ATG project leader Liz McDowell arrives the next day to review the incident and attempts to track down Spartacus quietly. However, Ryan's investigation brings him to her attention. She sends agents to follow him, but he swiftly dispatches them. Later, he breaks into an ATG office to gather information. He is detected by dogs and confronted by security guards, but escapes after discovering proof that Starkraven was taken by the ATG for conversion into a cyborg. Meanwhile, Spartacus and some of the other cyborgs travel to a gas station to steal fuel for their recharging generators. Ryan arrives and saves a woman and young boy from them, but is defeated by Spartacus and nearly killed, but he survives when authorities arrive and critically damage Spartacus, forcing the cyborgs to retreat. Ryan is arrested and brought before McDowell, who warns him not to interfere with the ATG. He subsequently escapes from her men and travels to Pickens' home in order to prepare for an assault on Spartacus's headquarters.

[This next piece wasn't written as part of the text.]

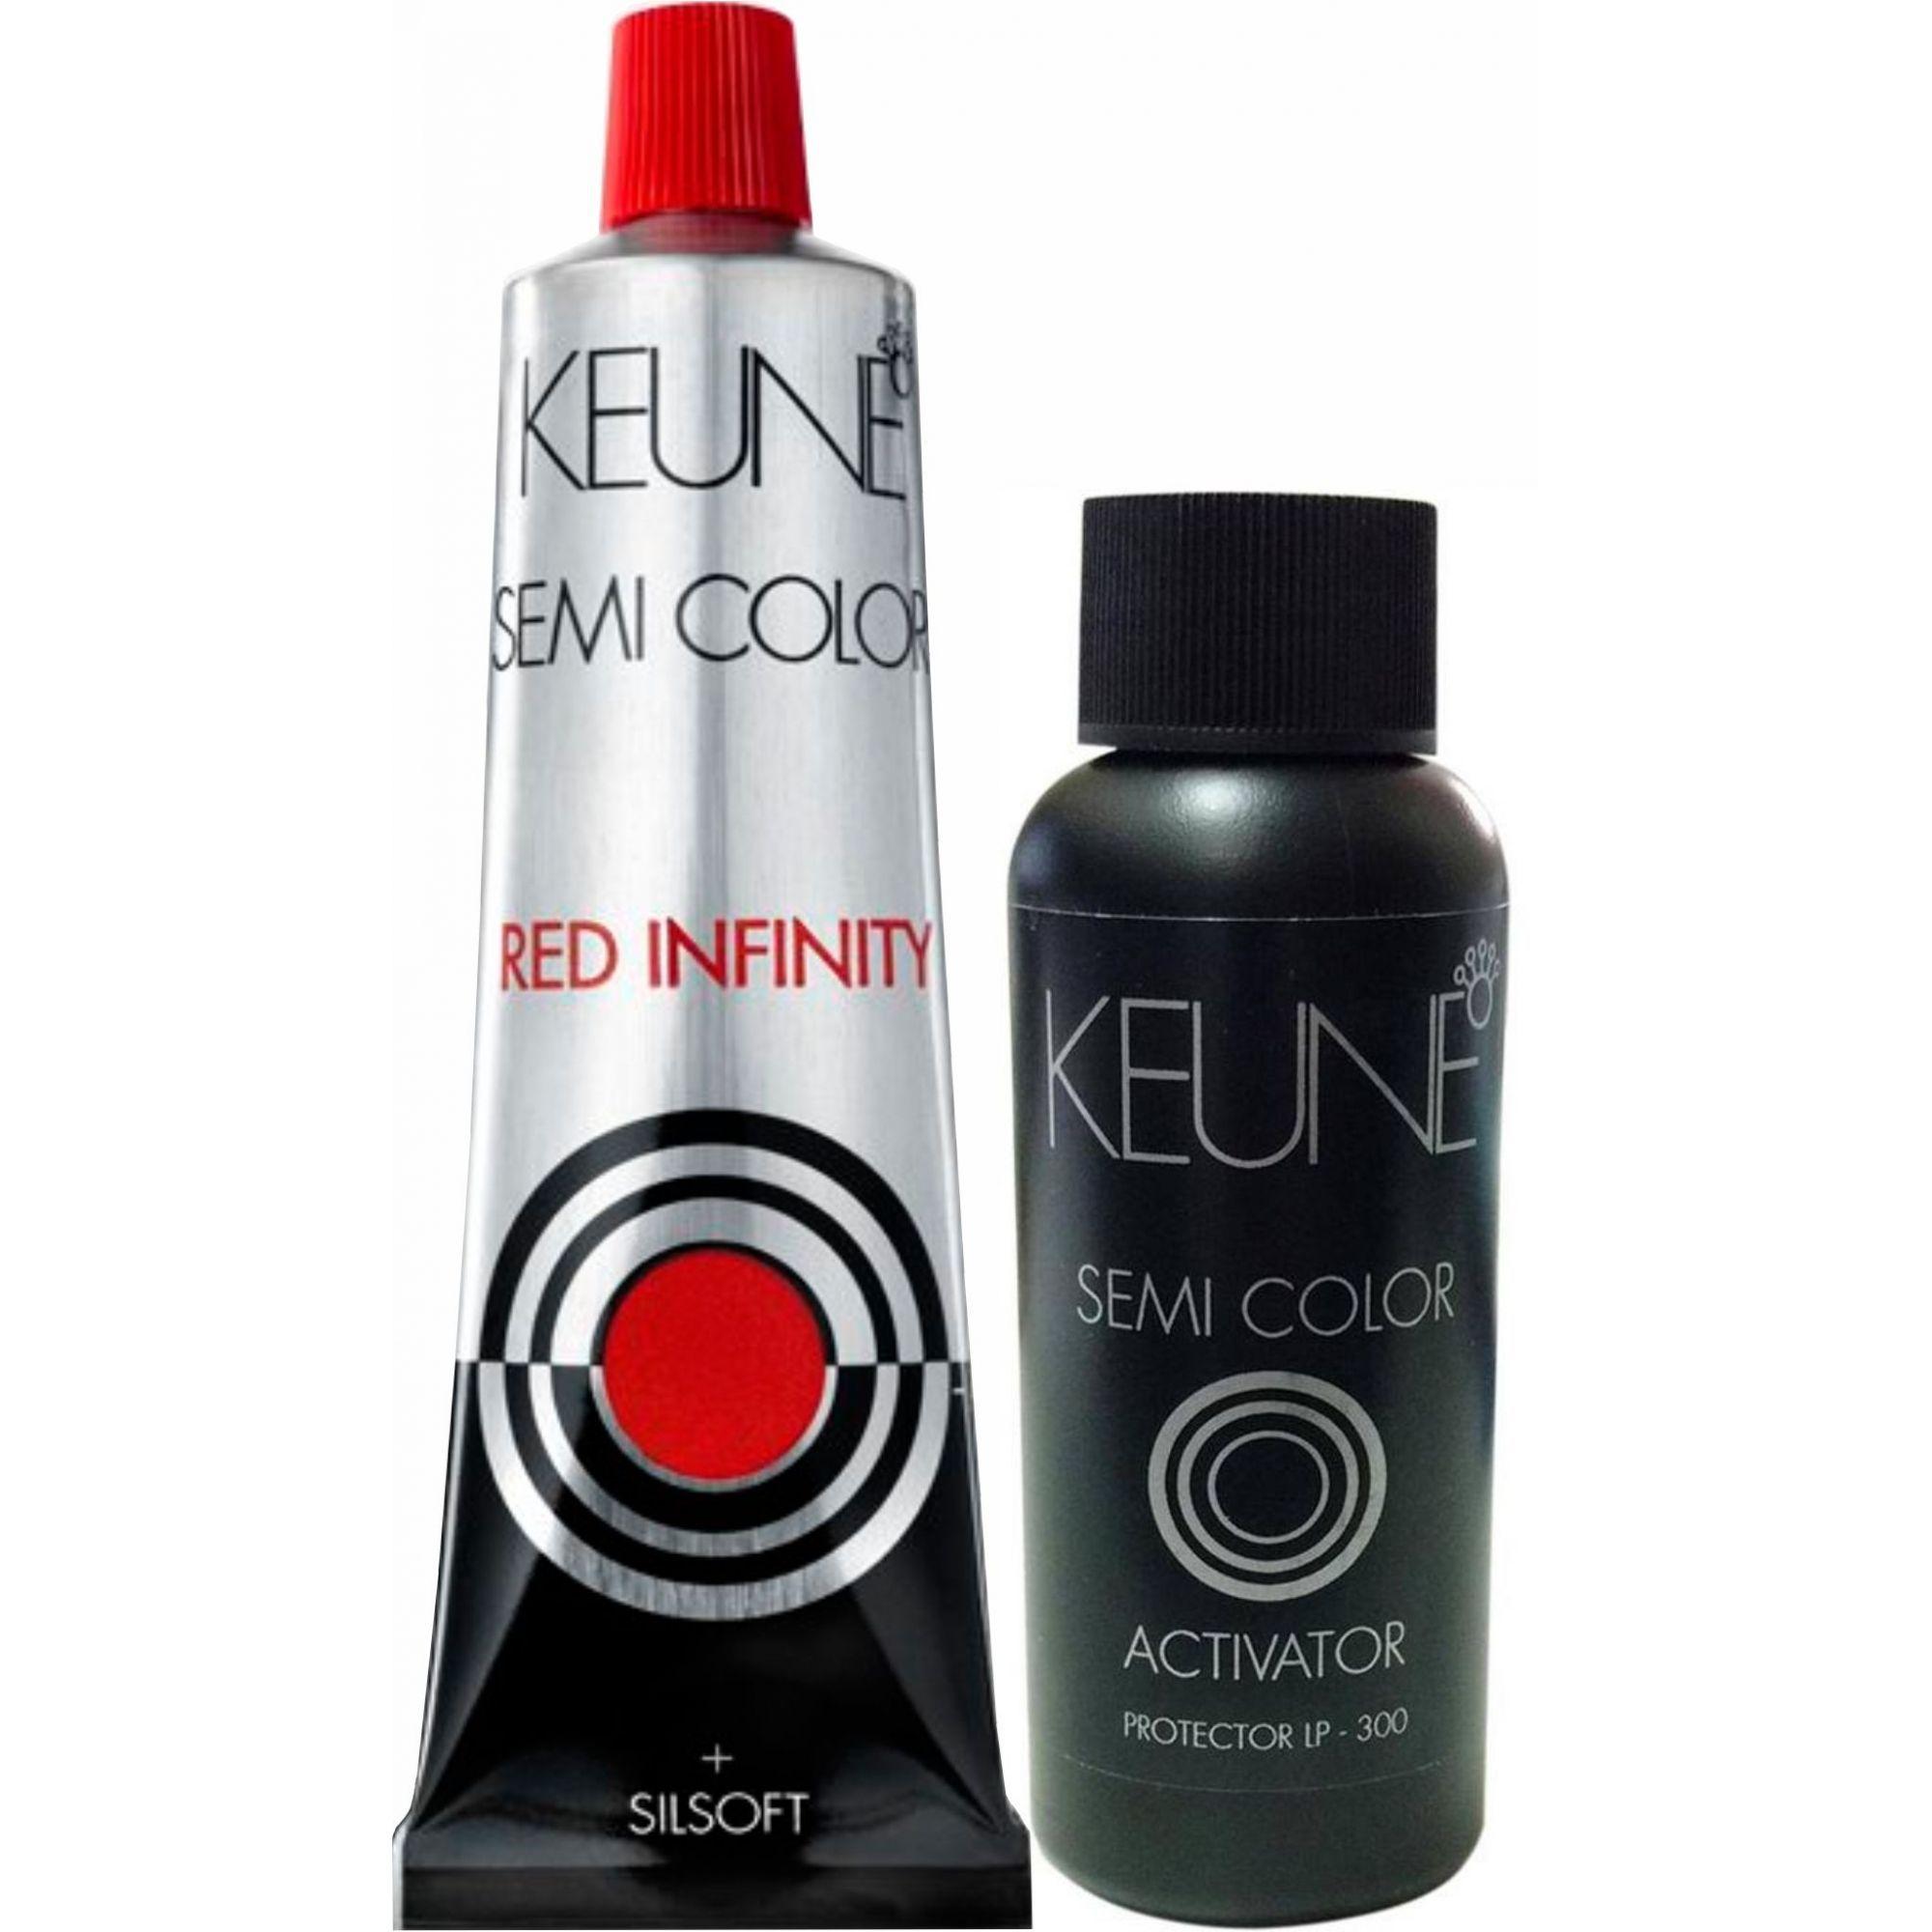 Kit Keune Tonalizante RI 60ml - Cor 6.66 - Vermelho Intenso + Ativador de 60ml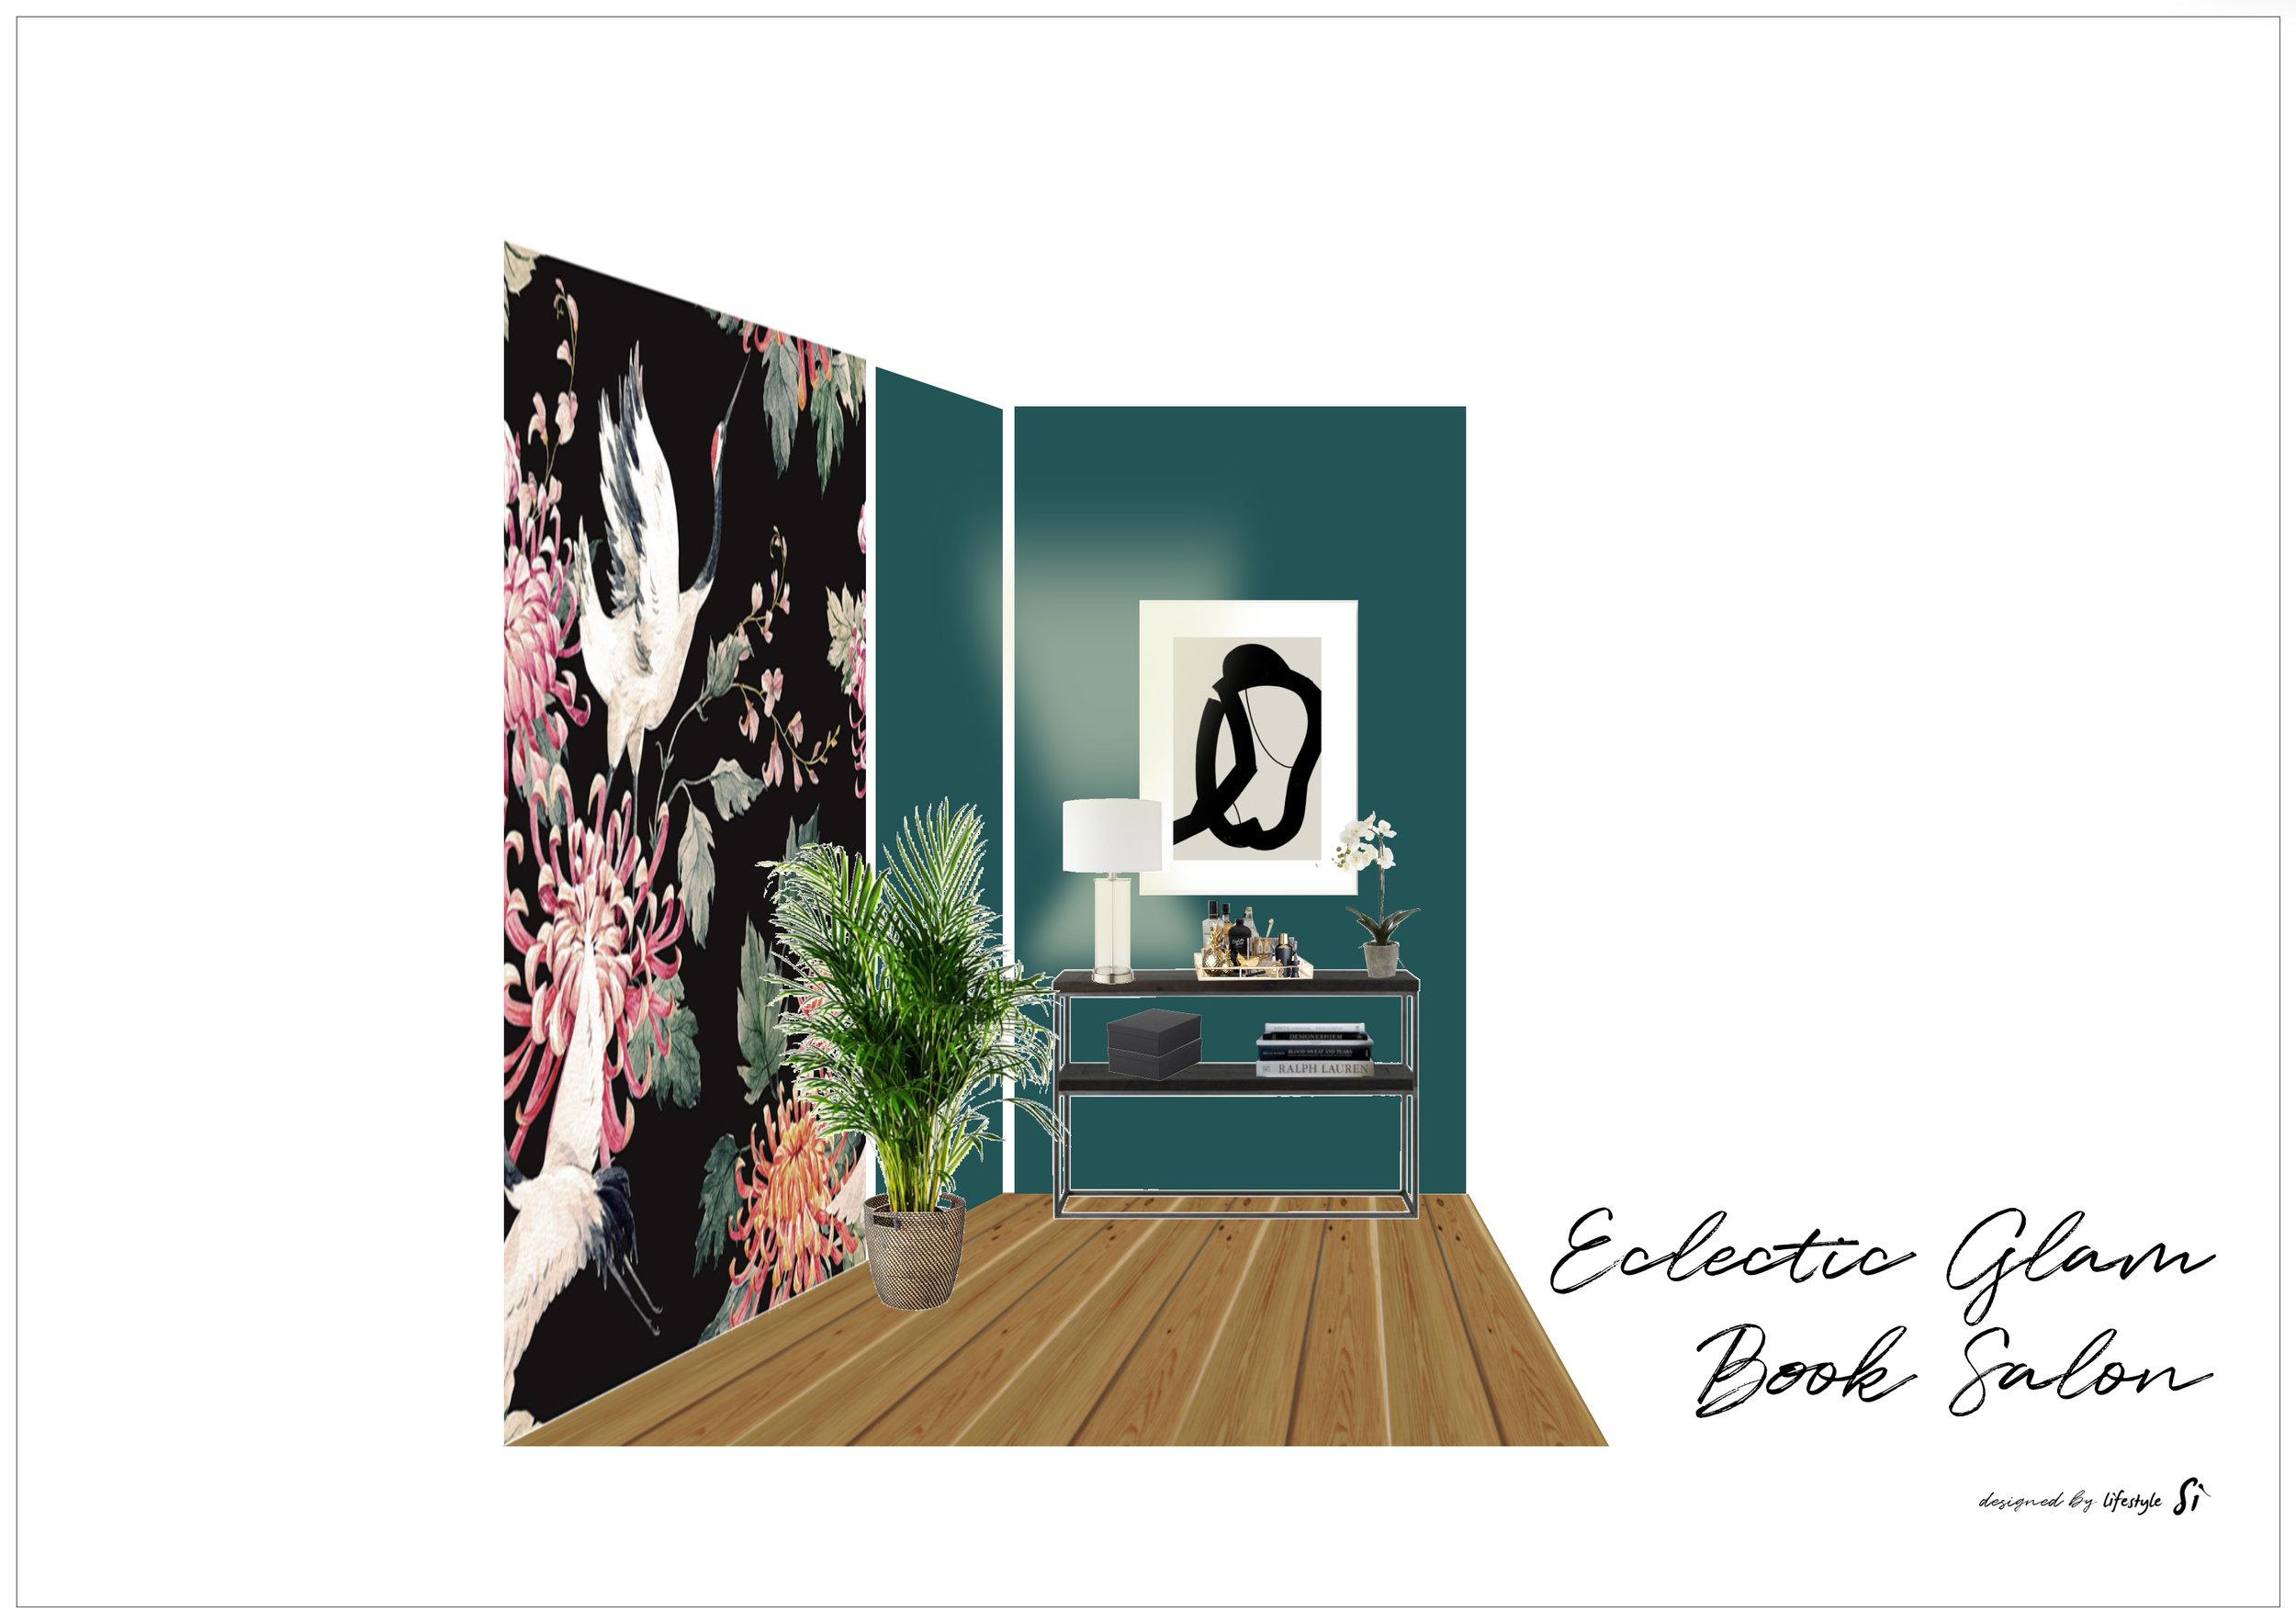 04_Concept Moodboard 2 e-design by lifestyle Si.jpg

Spartacus announces his intention to conquer cities and convert all humans into cyborgs, establishing an empire with himself as the leader, and dispatches two cyborgs to kill Ryan. Ryan manages to defeat and destroy them, but not before they kill Pickens. McDowell arrives and is convinced by Ryan to team up with him, providing the weaponry necessary to destroy Spartacus. The two arm themselves and travel to the facility where the cyborgs are hiding, destroying a number of them on their way to the lab. Once they get there, Spartacus appears on a video screen and reveals that he has taken Ryan's son hostage. The cyborgs bring Ryan and McDowell before Spartacus, who tells them he will turn Ryan's son into a cyborg before converting them as well. Ryan overpowers the cyborgs, frees his son and fights Spartacus, managing to steal the control bracelet and deactivate the other cyborgs. Spartacus is dropped into electric cables by a magnet, and is killed when Ryan pours liquid onto him, electrocuting him. Ryan, his son and McDowell flee the facility before bombs they set earlier detonate, destroying it.

== Cast ==
- David Bradley as DEA Agent Jack Ryan
- Morgan Hunter as Jesse Starkraven / Spartacus Cyborg
- Jill Pierce as Liz McDowell
- Victor Melleney as Sam Pickens
- Douglas Bristow as Dr. Owns
- Dale Cutts as Captain Salerno
- Adrian Waldron as Jon Travis
- Hector Rabotabi as Mike Alvarez
- Kimberleigh Stark as Gloria Alvarez
- Michael McGovern as Warden Chuck Hunter
- David C. Webb as Eddie Richards
- Frank Notaro as "Stix"
- Robin B. Smith as "Fats"
- Norman Coombes as Mayor Spencer Davis
- Ken Gampu as Police Chief
- Isaac Mavimbela as Carter
- Darryl Werner as Cyborg #1
- Vadim Dobrin as Cyborg #2
- Arthur Berezin as Cyborg #3
- Tyrone Stevenson as Cyborg #4

==Release==
The film was released on VHS.

== Sequel ==

A sequel titled Cyborg Cop III was released in 1995.